You are on page 1of 1

Dorotheo v.

CA
GR No. 108581, December 8, 1999

FACTS:

Aniceta Reyes died in 1969 without her estate being settled. Thereafter, her husband
Alejandro also died. In 1977, Lourdes Dorotheo filed a special proceeding for the
probate of Alejandro’s last will and testament. The children of spouses filed
their opposition. The RTC ruled that Lourdes being not the wife of Alejandro the will
is intrinsically void; the oppositors are the only heir entitled to the
estate. Lourdes filed a Motion for Consideration arguing that she is entitled to some
compensation since she took care of Alejandro prior to his death although they were
not legally married to each other. This was denied by the trial court. The CA
dismissed her appeal for her failure to wile the same within the extended period.

ISSUE:

May a last will and testament admitted to probate but declared intrinsically void in
an order that has become final and executor still be given effect?

RULING:

No. A final and executor decision or order can no longer be disturbed or reopened no
matter how erroneous it may be.

The Supreme Court ruled that the will of Alejandro was extrinsically valid but
the intrinsic provisions thereof are void.

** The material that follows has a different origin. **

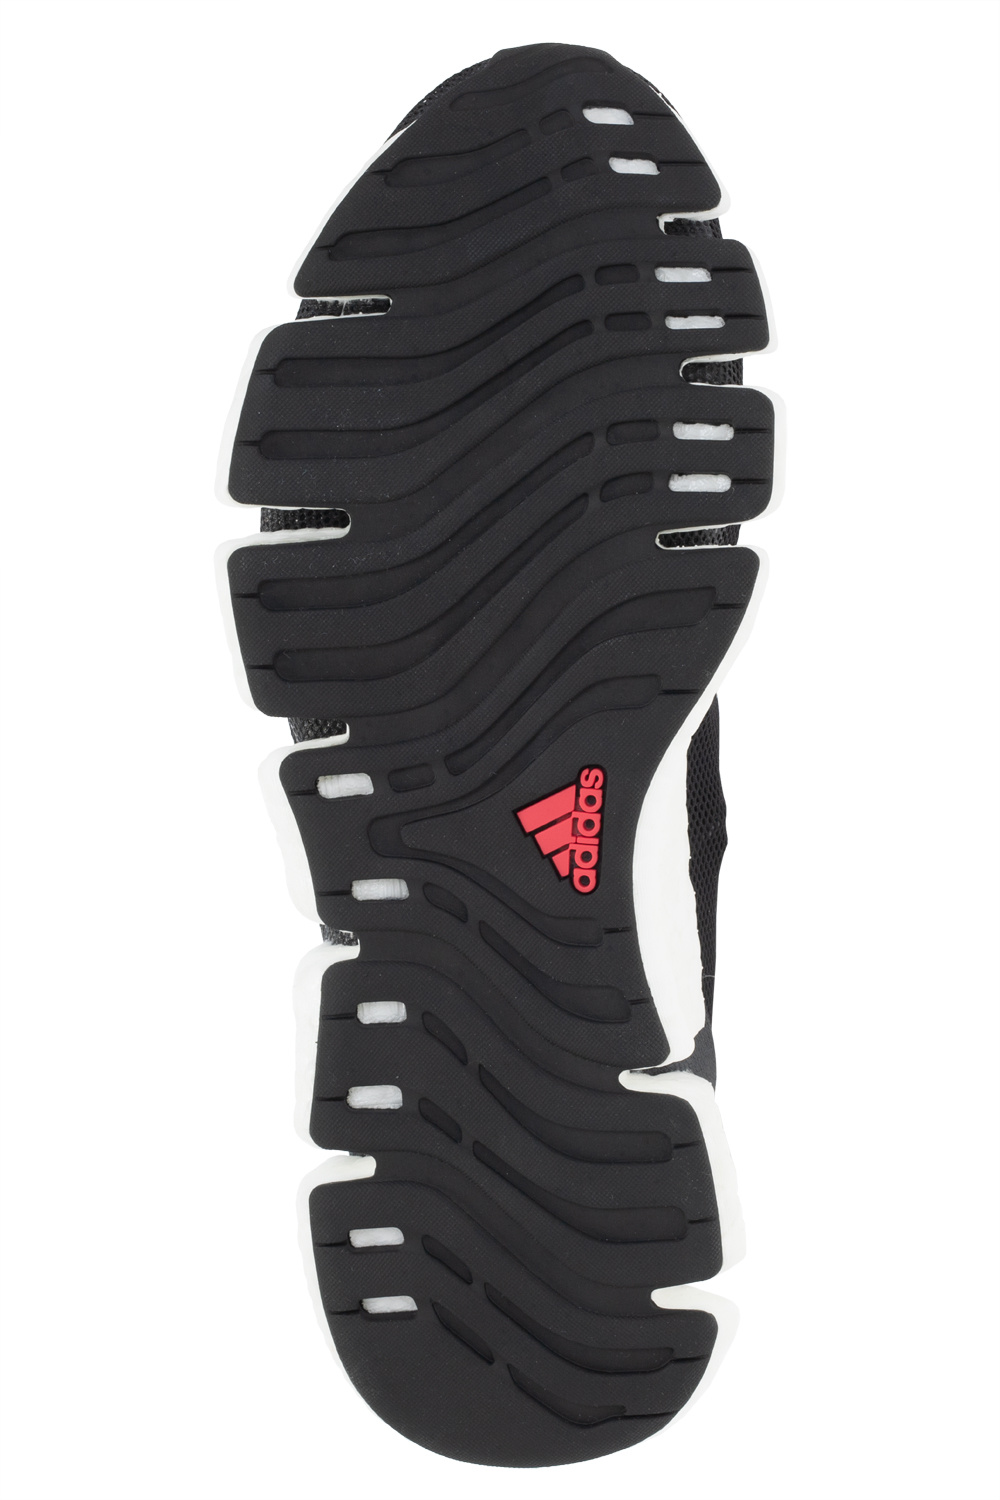 Adidas Sneakers stella mccartney climacool vento Women  DASMCCLIMACOOLVENTOGZ9995 Fabric 98€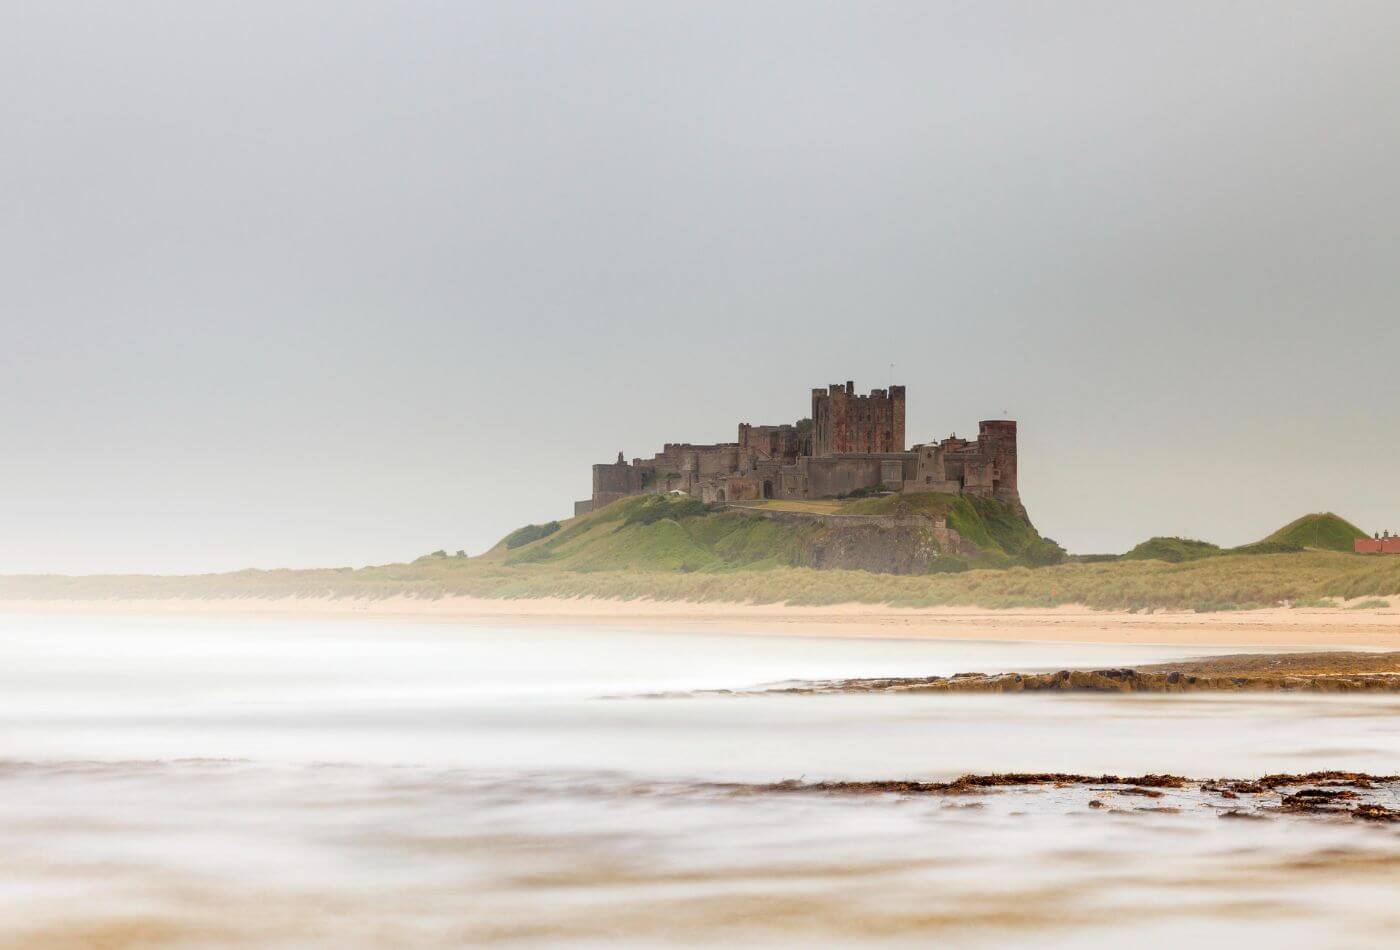 bamburgh castle from the beach

Alejandro gave all the property to the
concubine. Such is invalid because one cannot dispose what he does not own. In this
case, the whole property is the conjugal property of Alejandro and Aniceta. Such has
become final and executor. The only instance where a party interested in probate
proceeding may have a final liquidation set aside is when he is left out by reason of
circumstances beyond his control or through mistake or inadvertence not imputable
to negligence with circumstances do not concur herein.